> _RAW DATA_:
• • •

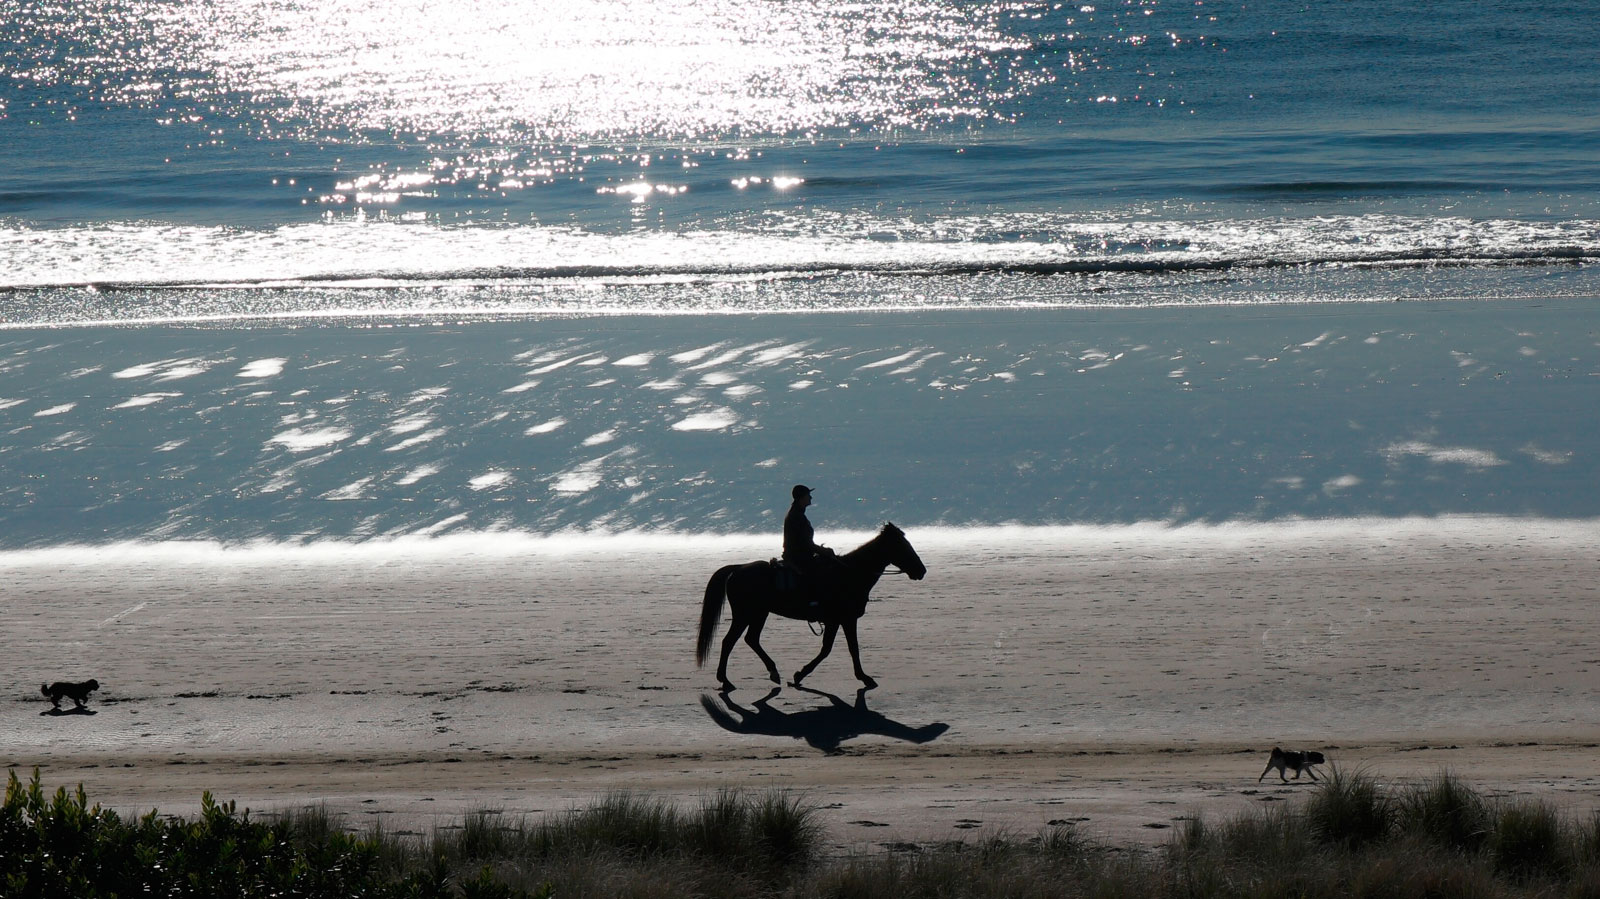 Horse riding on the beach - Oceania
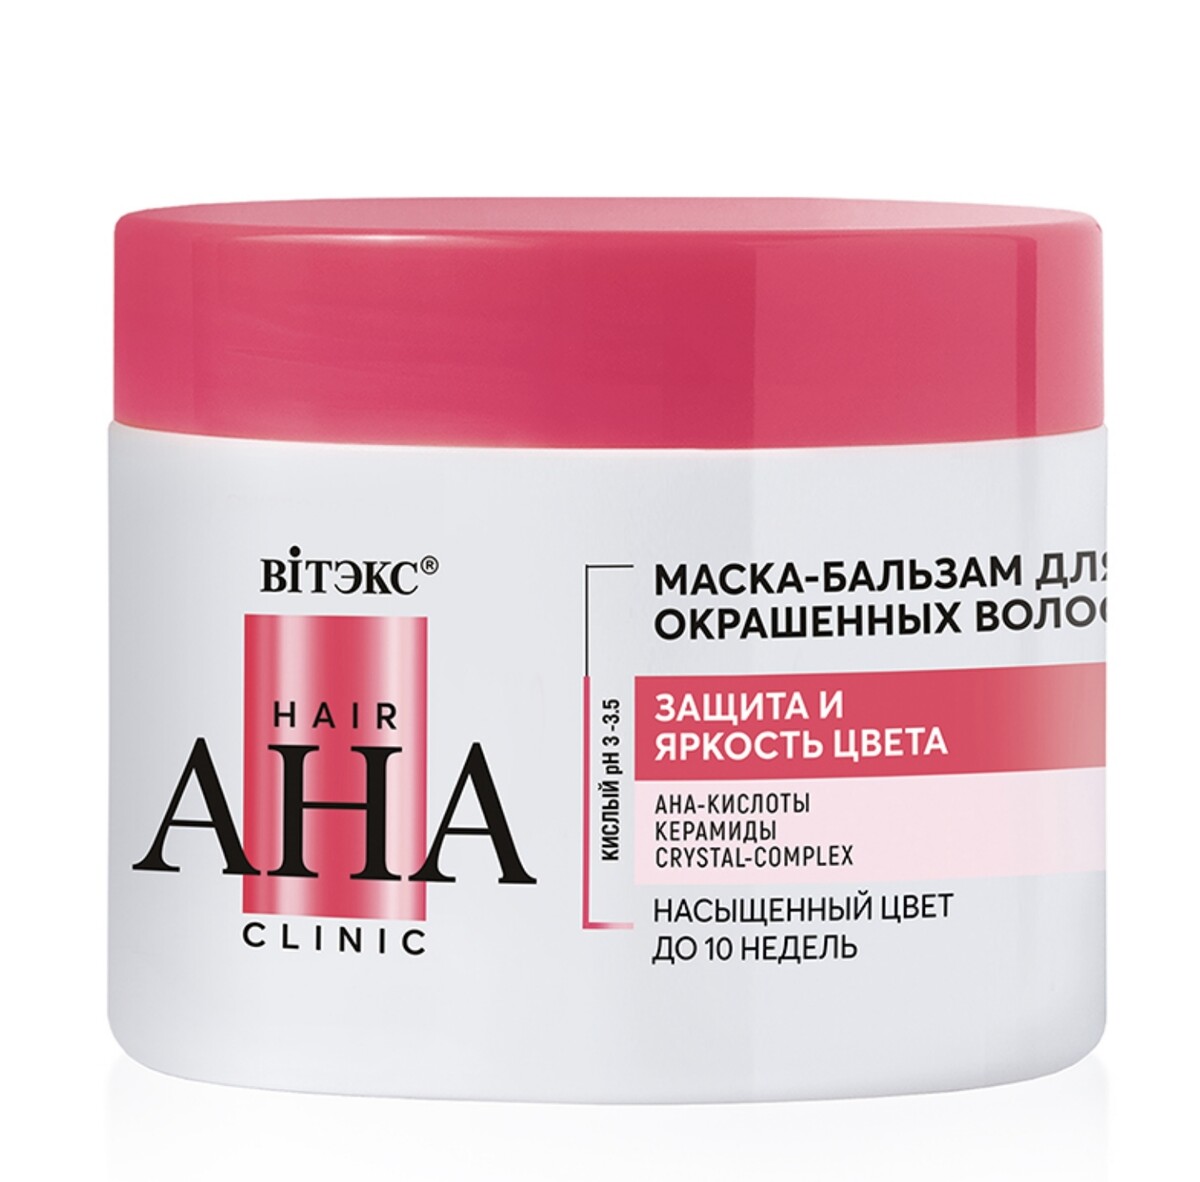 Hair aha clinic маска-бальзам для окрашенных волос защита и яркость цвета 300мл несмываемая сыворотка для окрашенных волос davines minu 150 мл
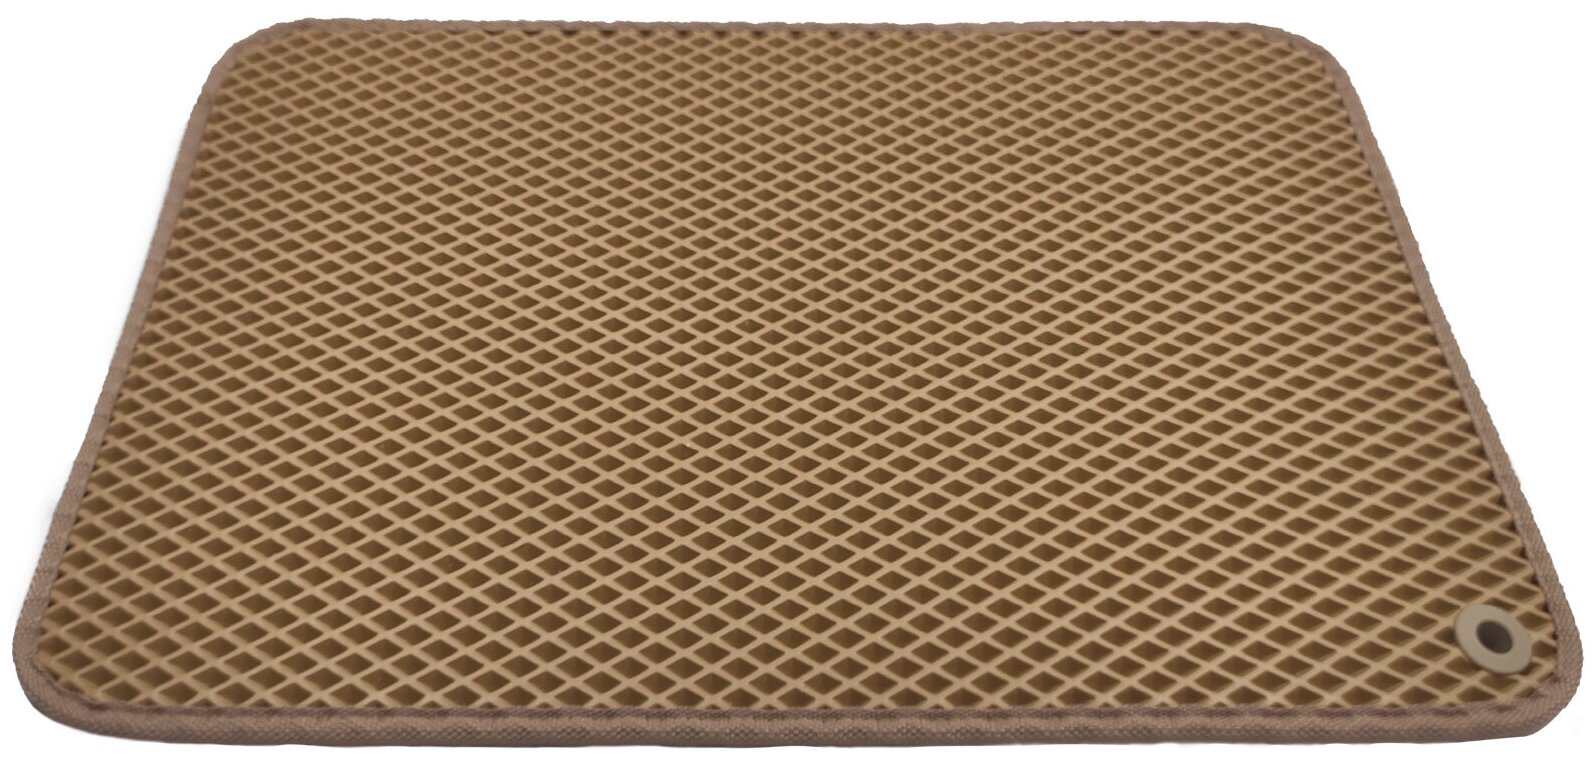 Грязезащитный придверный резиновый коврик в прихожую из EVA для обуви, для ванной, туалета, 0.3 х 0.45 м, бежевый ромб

• • •

> _EXERCISE DETAILS_: Your reply should hold exactly the lines from the line containing "Hair aha clinic" through the final line of the listing, and none of the pictures.

> _REPLY TO THE TASK_:
 Hair aha clinic маска-бальзам для окрашенных волос защита и яркость цвета 300мл несмываемая сыворотка для окрашенных волос davines minu 150 мл
 Грязезащитный придверный резиновый коврик в прихожую из EVA для обуви, для ванной, туалета, 0.3 х 0.45 м, бежевый ромб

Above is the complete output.